The Subadviser employs a value based investment style by seeking to identify companies with stocks trading at prices below what the Subadviser believes are their intrinsic values. The Subadviser uses a bottom-up approach, employing fundamental and qualitative criteria to identify individual companies for potential investment in the Fund's portfolio. The Subadviser employs statistical analysis, which is designed to limit certain risks in the Fund's portfolio versus the assigned benchmark. The Fund's sector weightings are a result of, and secondary to, individual stock selections.
Under normal market conditions, the Fund expects to invest in approximately 55 to 70 companies with at least 80% of its net assets, plus borrowings for investment purposes, in a portfolio of small cap equity securities.
Market and issuer risk: Securities markets are volatile and can decline significantly in response to adverse market, economic, political, regulatory or other developments, which may lower the value of securities held by the Fund, sometimes rapidly or unpredictably. Additionally, an adverse event, such as an unfavorable earnings report, may depress the value of a particular issuer's stock.
Value style risk: Over time, a value oriented investing style may go in and out of favor, which may cause the Fund to underperform other equity funds that use different investing styles.
Selection risk:The Subadviser's judgment about the attractiveness, value and growth potential of a particular security may be incorrect. The Subadviser potentially will be prevented from executing investment decisions at an advantageous time or price as a result of any domestic or global market disruptions, particularly disruptions causing heightened market volatility and reduced market liquidity, as well as increased or changing regulations. Thus, investments that the Subadviser believes represent an attractive opportunity or in which the Fund seeks to obtain exposure may be unavailable entirely or in the specific quantities or prices sought by the Subadviser and the Fund may need to obtain the exposure through less advantageous or indirect investments or forgo the investment at the time.

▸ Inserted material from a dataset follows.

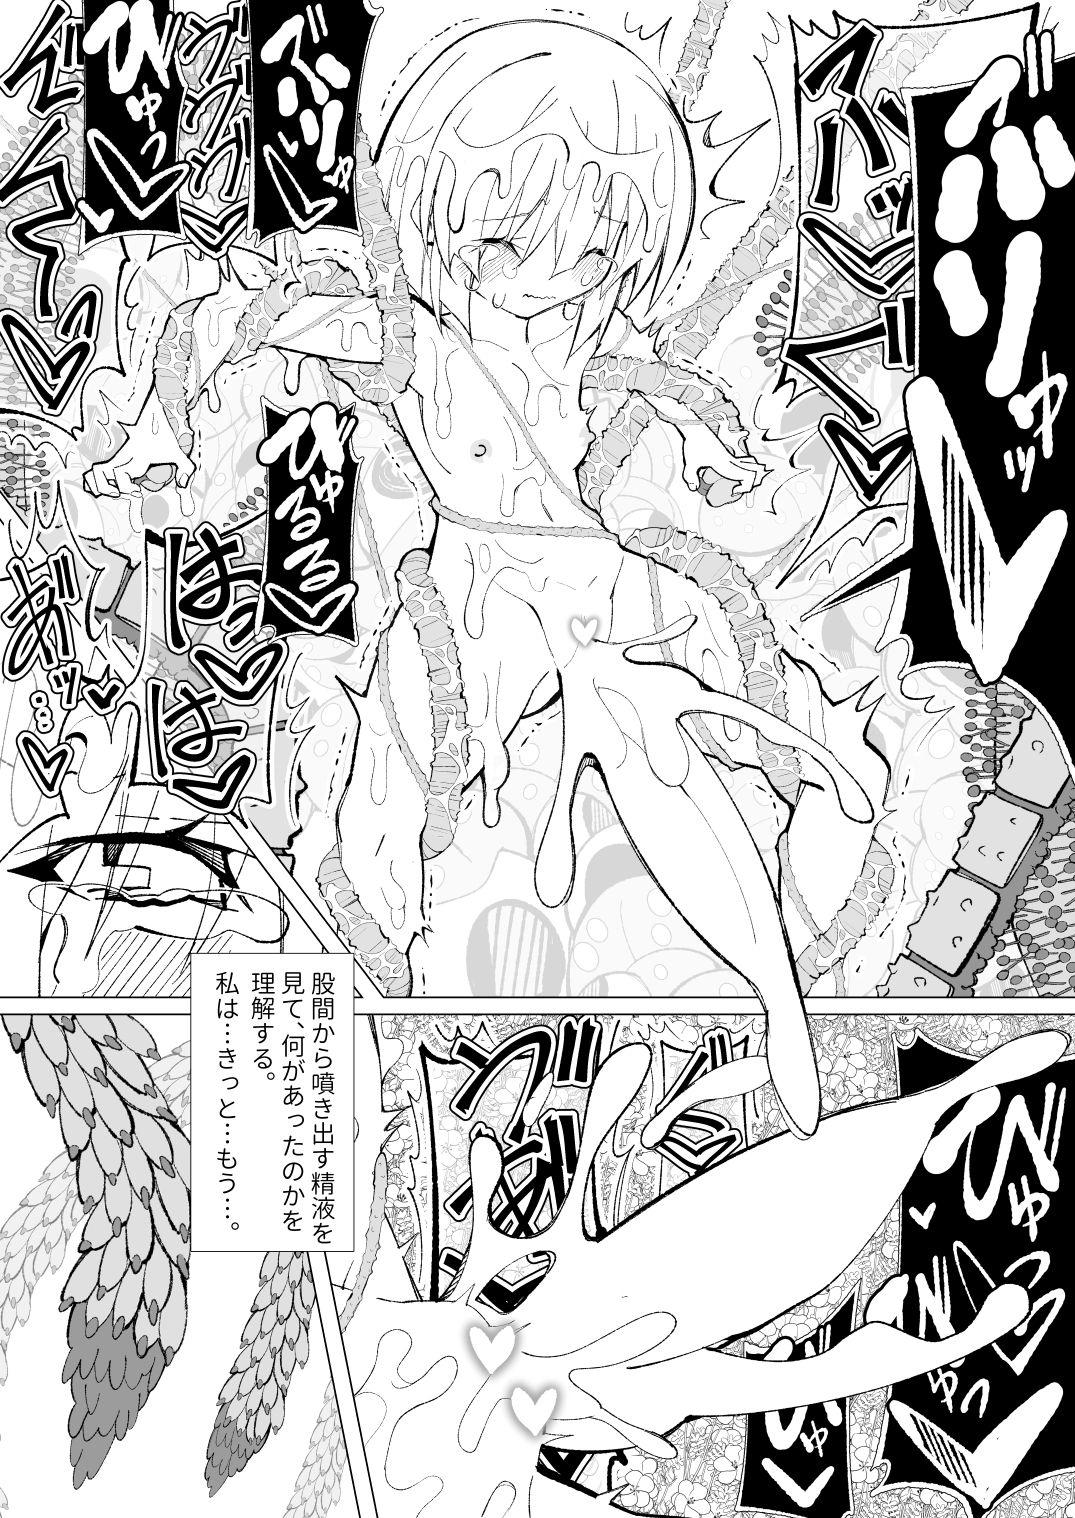 Ishu kan fūzoku-gai3 shokubutsu shokushu × rori 60

Small cap risk: The Fund's performance may be more volatile because it invests primarily in small cap stocks. Smaller companies may have limited product lines, markets and financial resources. They are usually less stable in price and less liquid than those of larger, more established companies. Additionally, small cap stocks may fall out of favor relative to mid or large cap stocks, which may cause the Fund to underperform other equity funds that focus on mid or large cap stocks.